На самом деле все было гораздо проще и прозаичнее. Прадед писателя по отцовской линии, Джон Эдгар По, сын фермера из Ирландии, эмигрировал в Новый Свет в 1749 году. Поселился он в Балтиморе. Дед писателя, Дэвид Эдгар По, которого в биографиях писателя иногда ошибочно именуют «генералом По», активно участвовал в антибританском восстании в американских колониях. Однако был он всего лишь майором и помощником заместителя генерал-квартирмейстера города Балтимора в 1779 году. Впрочем, именно из этого эпизода его жизни и вырос стойкий миф о «генерале американских войск». При этом сам Дэвид По был безусловно храбрым человеком и хорошим воином, что отмечал сам генерал Лафайетт. Кстати, во время визита осенью 1824 года в США французский генерал посетил могилу деда Эдгара По и произнес там: «Здесь покоится благородное сердце».
Отец будущего писателя, Дэвид По-младший, родился в Балтиморе 18 июля 1784 года. Он, видимо, был человеком, с самого детства стремившимся к тому, чтобы стать актером. И поэтому, несмотря на недовольство «генерала По», в девятнадцать лет вступил в труппу «Вирджиния плейер». В книгах об Эдгаре По нередко можно встретить замечания о том, что отец писателя был никчемным артистом и пьяницей. Это совсем не так — с 1803 по 1809 год Дэвид По-младший сыграл сто тридцать семь ролей. В том числе и в классических пьесах «Макбет», «Король Лир», «Ричард III», «Много шума из ничего»… Склонность к пьянству, а также психическая неуравновешенность, впоследствии преследовавшая и его сыновей, в начале актерской карьеры Дэвида По никак не проявлялась.
Судьба матери великого американского писателя также не имеет ничего общего с мелодраматической историей, столь доверчиво процитированной Бальмонтом. Бабушка Эдгара По, актриса Элизабет Смит, вполне законно обвенчалась 18 мая 1784 года в Лондоне, в церкви Святого Георгия, с неким Уильямом Генри Арнольдом. От которого и родила вполне законную дочь Элизабет.

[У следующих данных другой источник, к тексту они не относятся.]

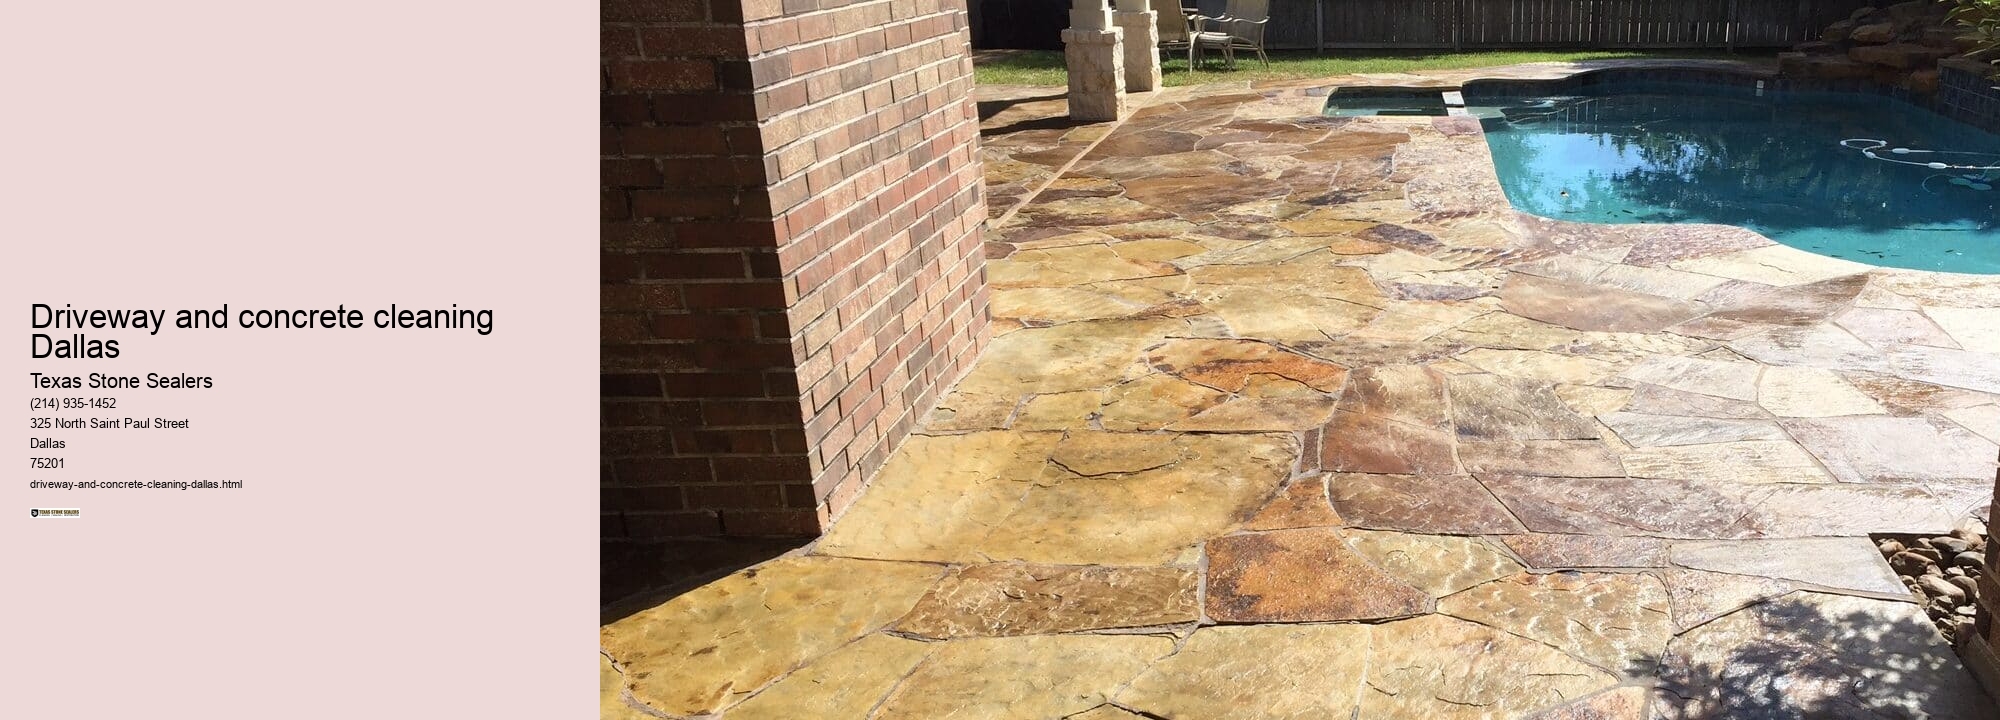 Driveway and concrete cleaning Dallas

Однако, судя по всему, рано овдовев, предпочла из Великобритании перебраться за океан.
В 1796 году Элизабет Арнольд-старшая прибыла в Бостонский порт со своей малолетней дочерью. Здесь она успешно возобновила артистическую карьеру. А 15 апреля 1796 года уже и маленькая Элизабет выступала в старом Бостонском театре с популярной песенкой «Девочка с рынка».
Элизабет Арнольд-младшая оказалась вполне востребованной актрисой, часто игравшей на сценах Чарльстона, Филадельфии и Балтимора. Летом 1802 года она вышла замуж за актера Чарльза Хопкинса, но быстро овдовела. Дэвид По-младший был ее вторым супругом. Они поженились 14 марта 1806 года, а уже 30 января 1807 года у них родился первый ребенок — Уильям Генри Леонард По. Впрочем, старшего брата Эдгара По супруги-актеры сумели достаточно быстро (как только ему исполнилось два года) отправить к бабушке и дедушке в Балтимор. «Генерал По» против этого, равно как и против брака своего сына, видимо, не возражал. Но приютить согласился только одного ребенка. Поэтому когда 19 января 1809 года на свет у четы По появился второй сын, то ему пришлось странствовать вместе с родителями.

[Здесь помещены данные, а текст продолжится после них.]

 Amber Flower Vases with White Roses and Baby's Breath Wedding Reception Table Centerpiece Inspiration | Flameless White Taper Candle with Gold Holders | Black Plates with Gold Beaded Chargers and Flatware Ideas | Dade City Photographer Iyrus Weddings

Будущий писатель родился в Бостоне, в доме на Хастингс-стрит, близ реки Чарльз. Как замечает автор одной из его новейших биографий Питер Экройд, видимо, еще «до рождения сына его мать заболела туберкулезом, из-за чего, как он полагал, еще во чреве ему временами совсем не доставалось или не хватало еды». Судя по всему, По всегда больше походил на мать, чем на отца. Вот как ее описывали: «Тонкая, точно у ребенка, фигурка, изящные руки, схваченные чуть повыше локтей рукавами свободного платья с высокой талией и бледным узором из каких-то причудливых цветов; хрупкие, но округлые линии плеч и шеи, гордо поднятая голова. Огромные, широко открытые и загадочные глаза, высокий чистый лоб, осененный черной, как вороново крыло, волной густых вьющихся волос, увенчанных хорошенькой маленькой шляпкой очень старинного фасона».
Элизабет Арнольд По
Будучи еще совсем маленьким, вместе с родителями Эдгар По побывал в Нью-Йорке и Чарльстоне. Возможно, в возрасте трех лет он даже участвовал в театральном спектакле «Золушка, или Маленький хрустальный башмачок», исполняя роль одного из амуров.
Однако постепенно судьба семьи По стала складываться все хуже и хуже. Безумие Дэвида По неожиданно резко обнаружило себя, он стал запойно пить, будучи не в состоянии исполнять роли на сцене. У Элизабет начали всё отчетливее проявляться признаки туберкулеза. К тому же она в очередной раз забеременела, и это привело к скандалу в семье. Насколько можно судить, уже допившийся до белой горячки Дэвид По-младший принялся обвинять жену в супружеской неверности. А через несколько месяцев после рождения Розали — младшей сестры Генри и Эдгара — обезумевший и также заболевший туберкулезом актер бесцеремонно бросил жену с двумя детьми.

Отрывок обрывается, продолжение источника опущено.